__YOUR ASSIGNMENT__.
Copy exactly, and copy nothing else: the line that contains "Neon Yellow - Colorxs Quad Palette" and all lines after it in the listing, without pictures.

BEGIN SUPPLIED DATA

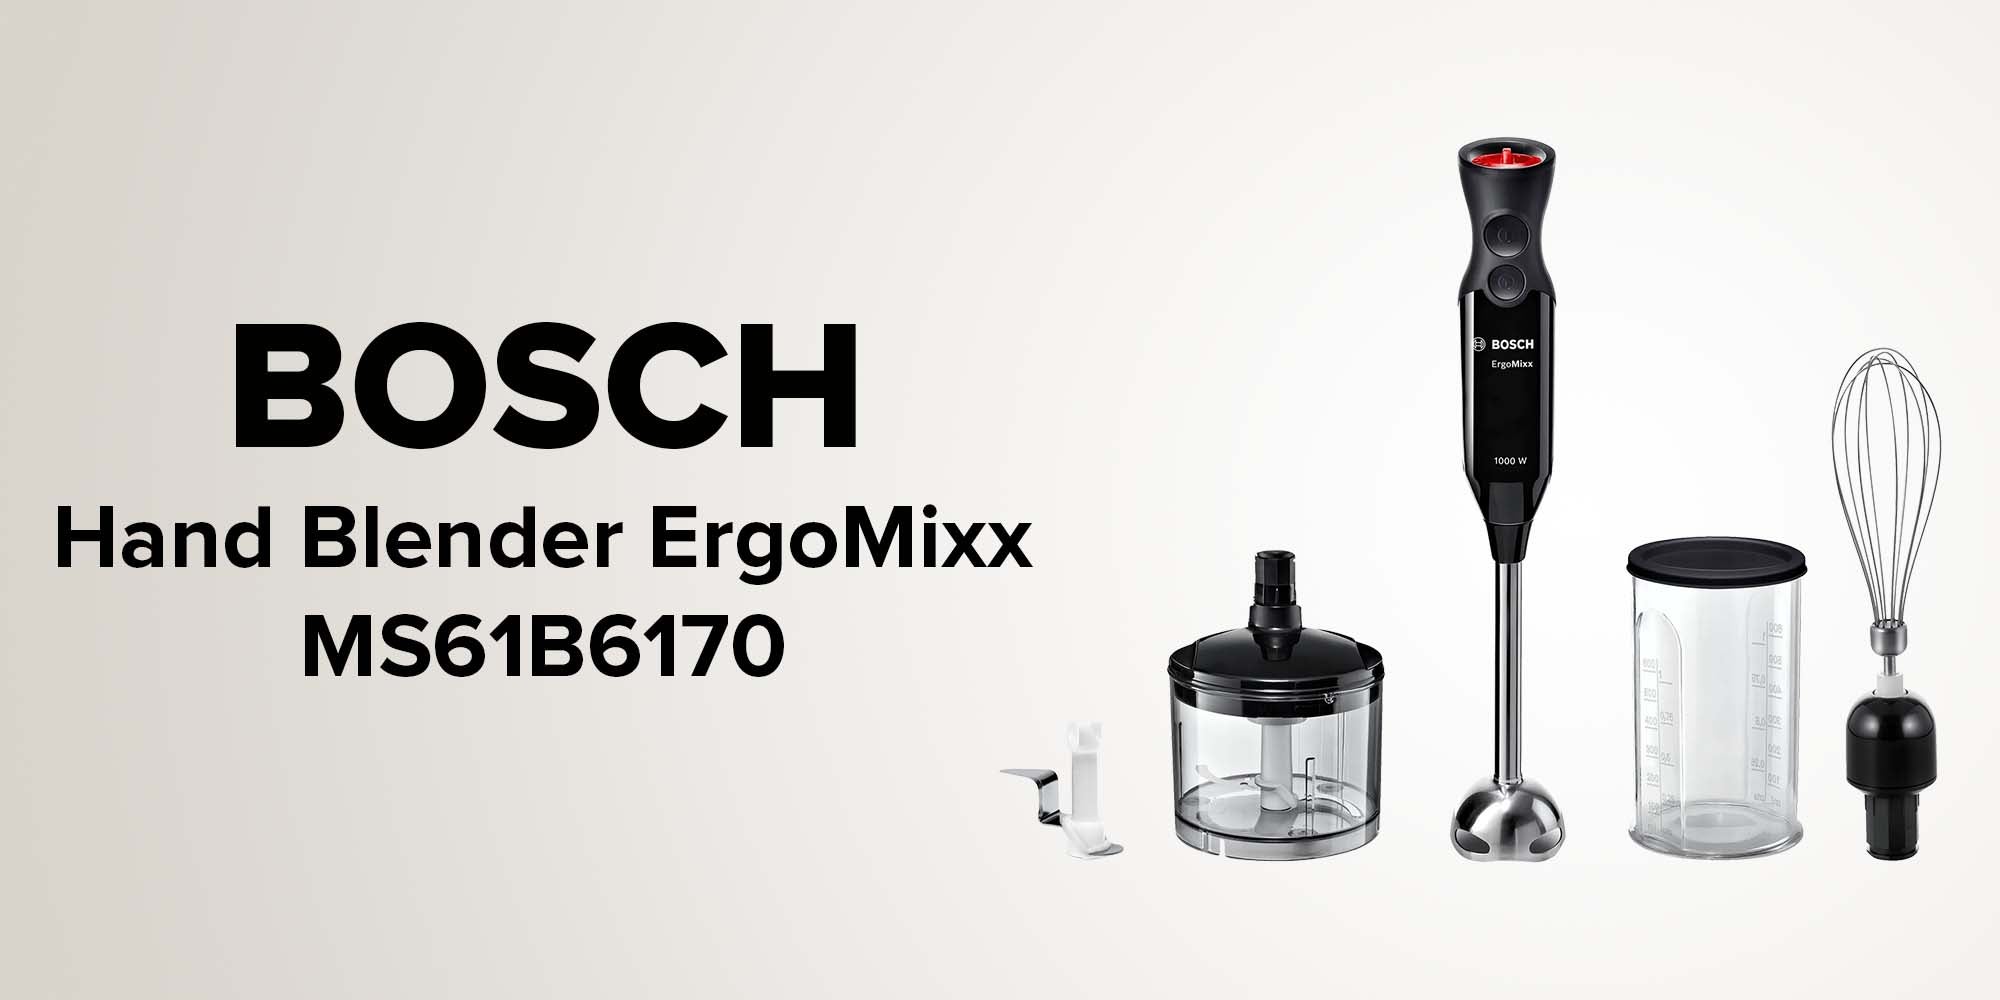 Bosch Mixeur plongeurs ErgoMixx 1000 W anthracite Réf MS61B6170 
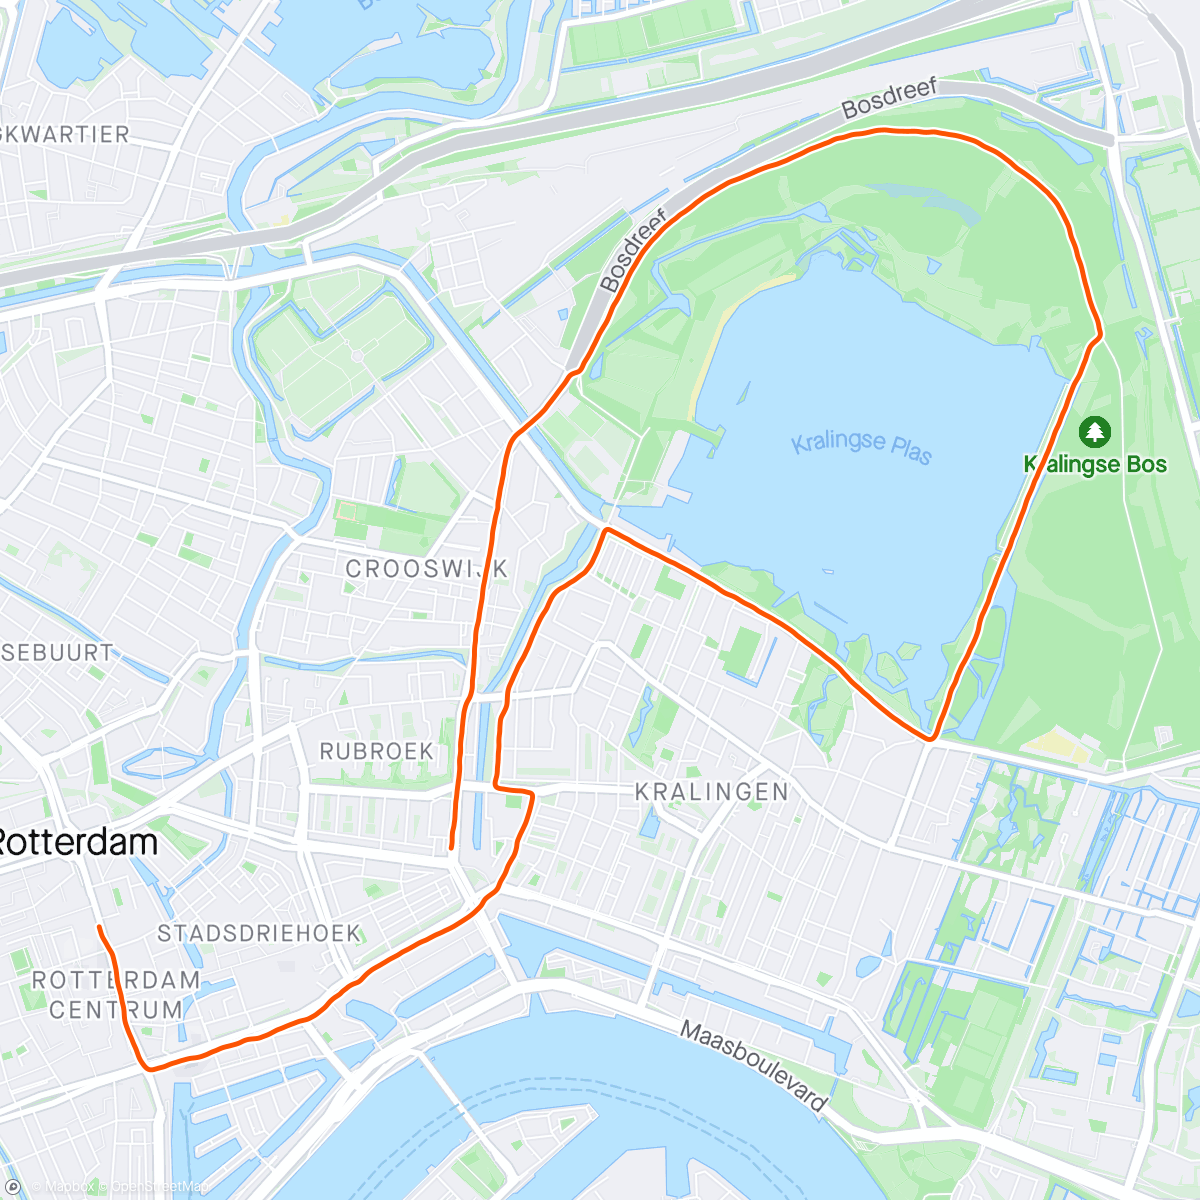 「1/4 marathon Rdam - kippenvel op de Coolsingel🔥🔥🔥 #demooiste」活動的地圖
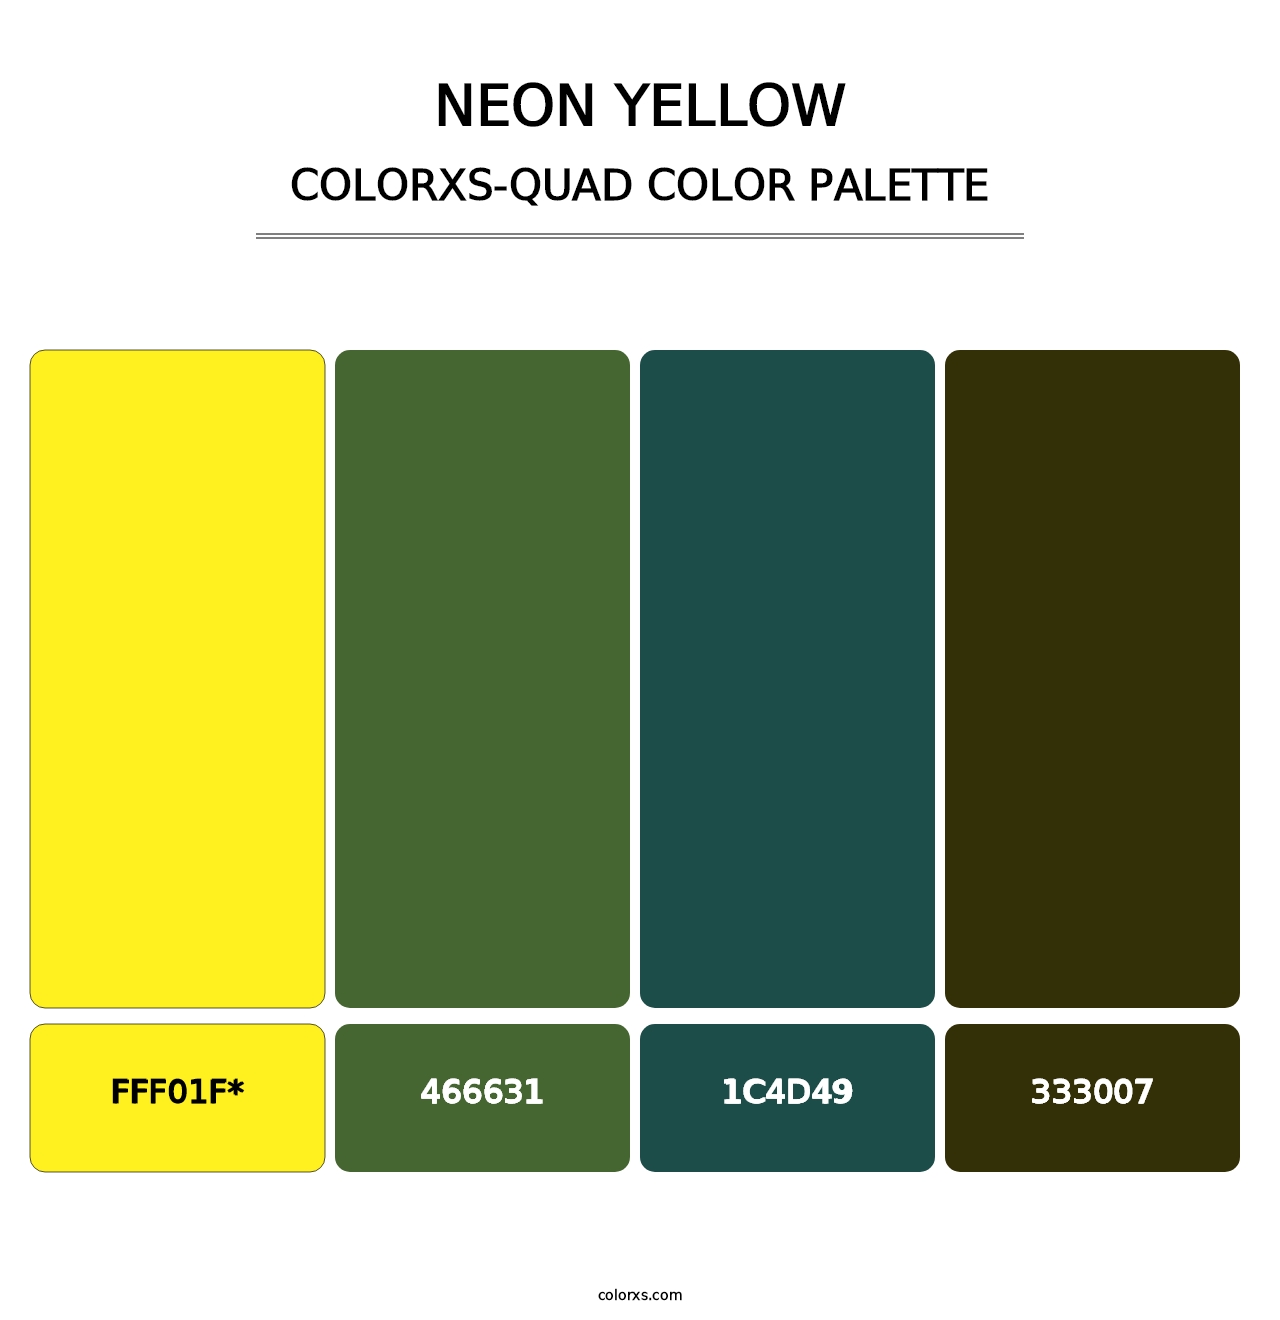 Neon Yellow - Colorxs Quad Palette
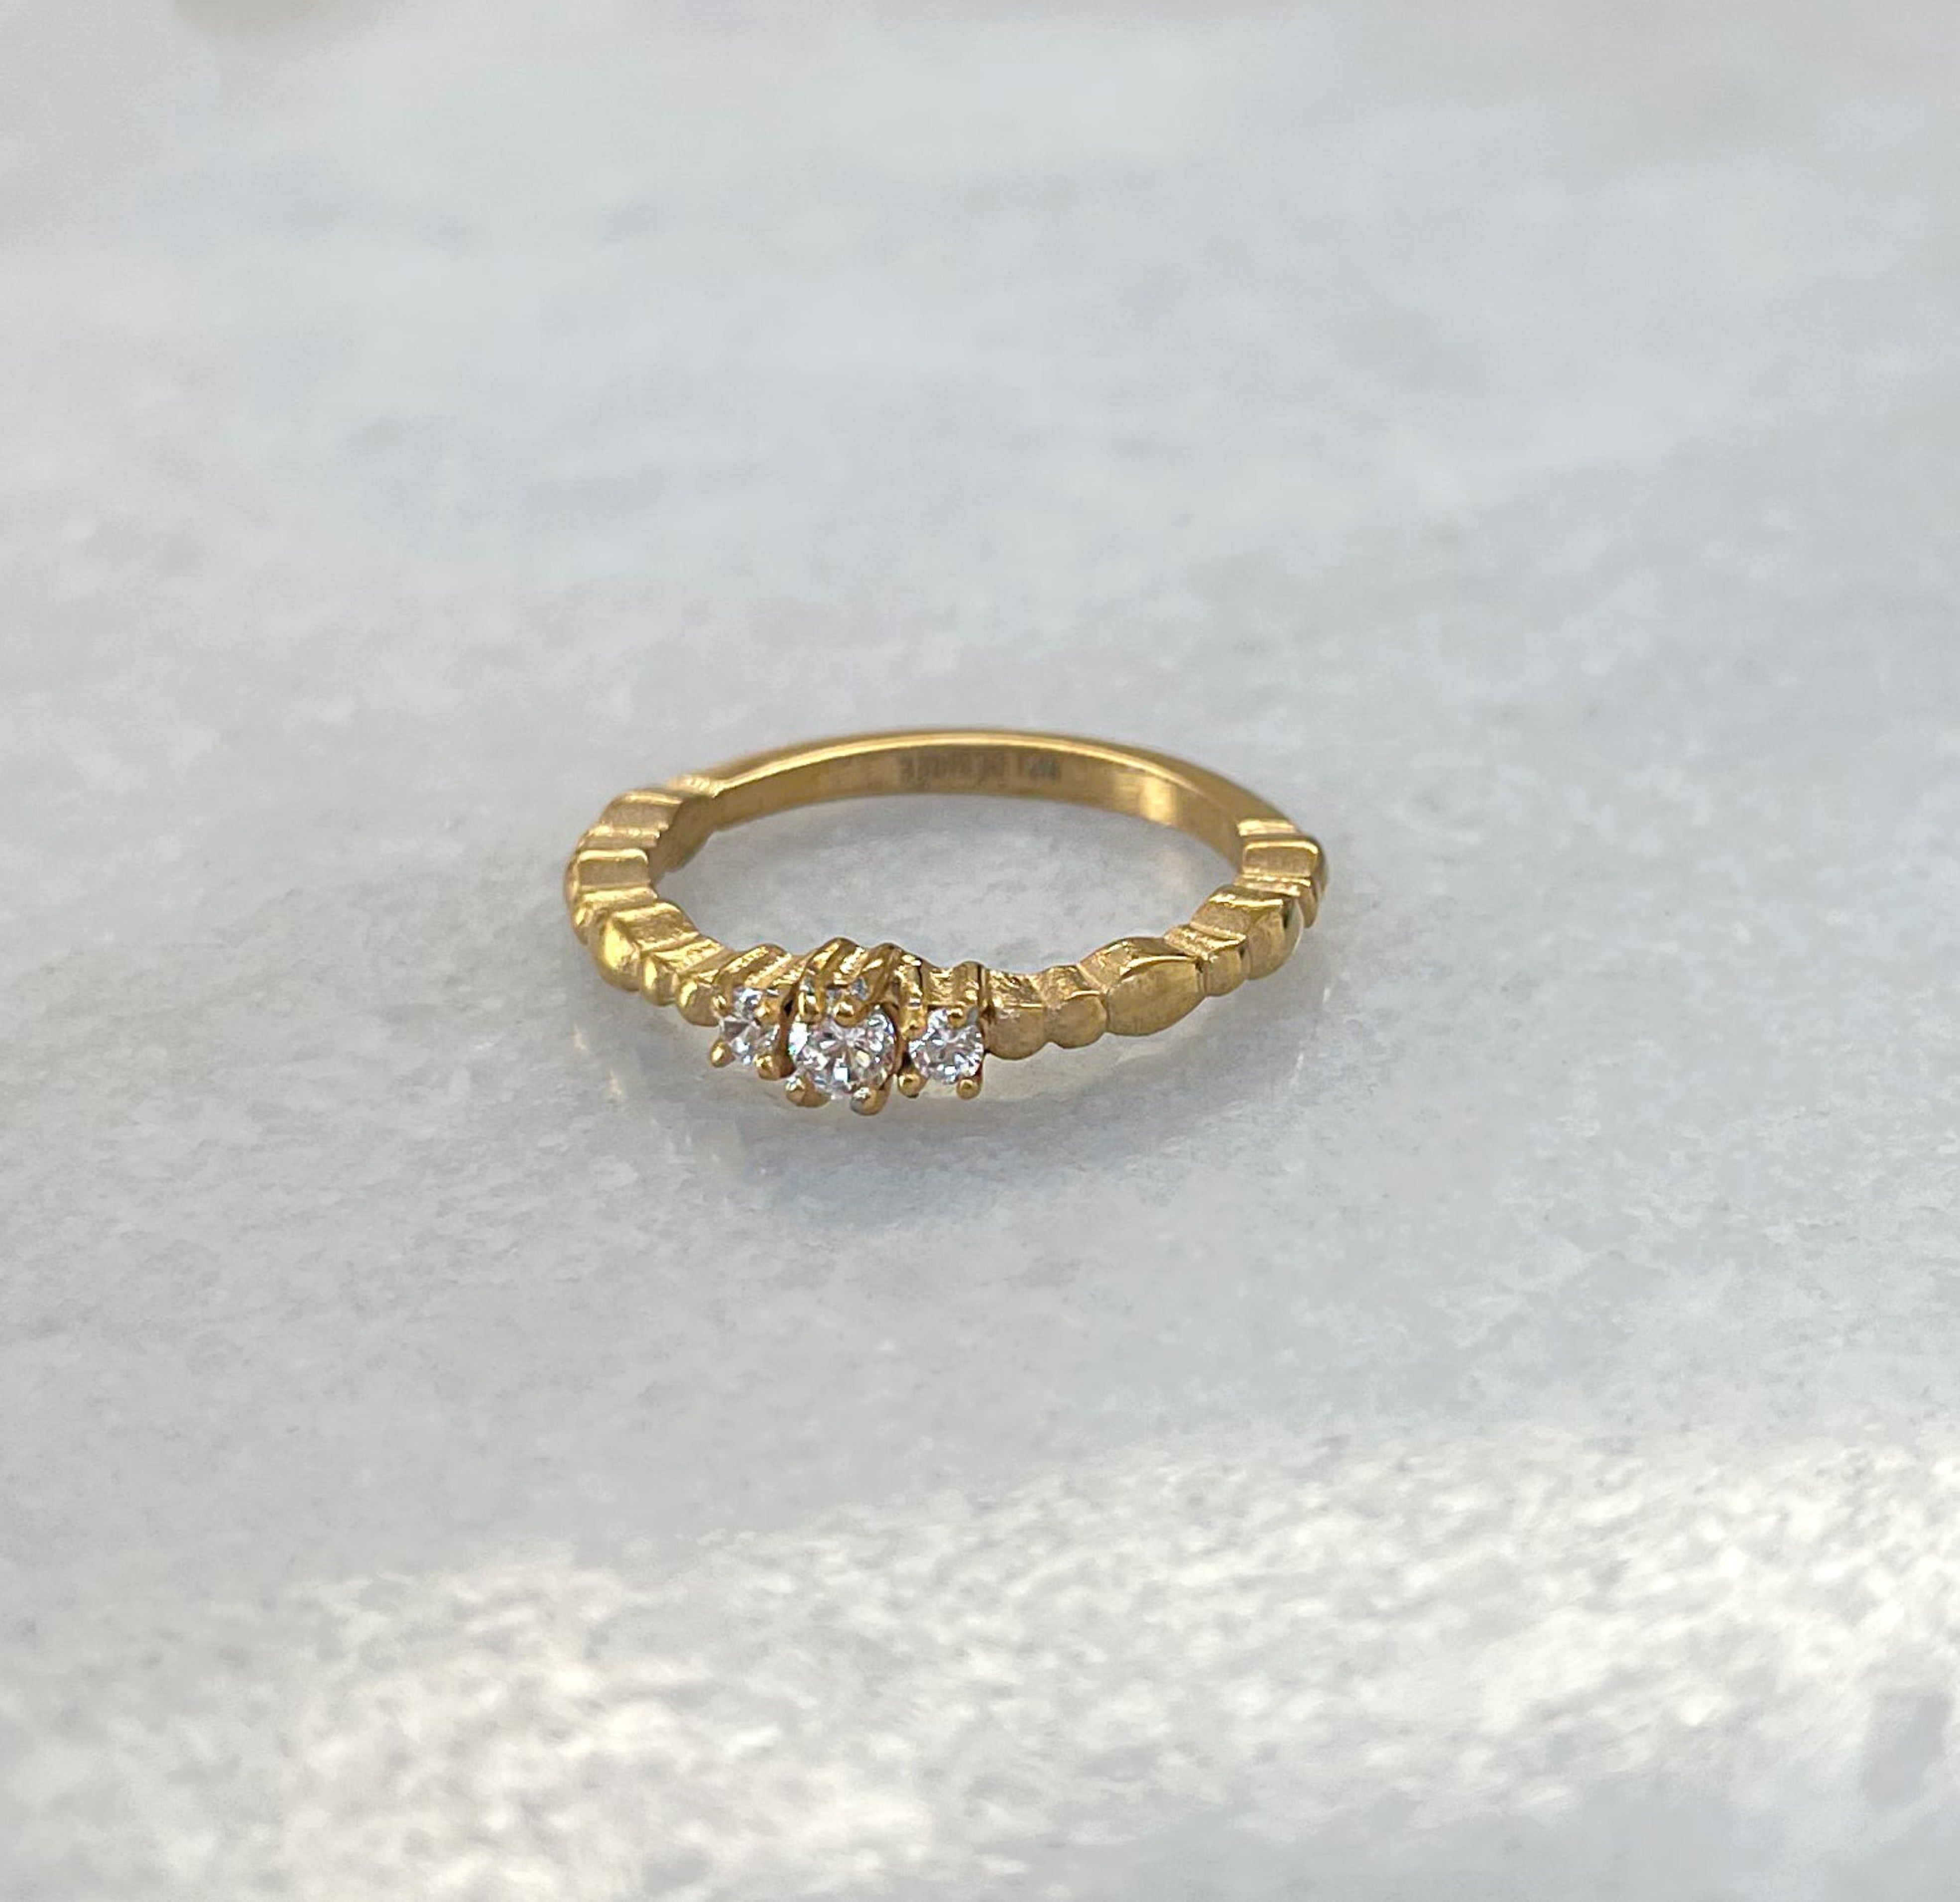 Celeste gold dainty trim stone ring. Waterproof jewelry

END SUPPLIED DATA

__RESULT FOR THIS TASK__.
 Neon Yellow - Colorxs Quad Palette
 Celeste gold dainty trim stone ring. Waterproof jewelry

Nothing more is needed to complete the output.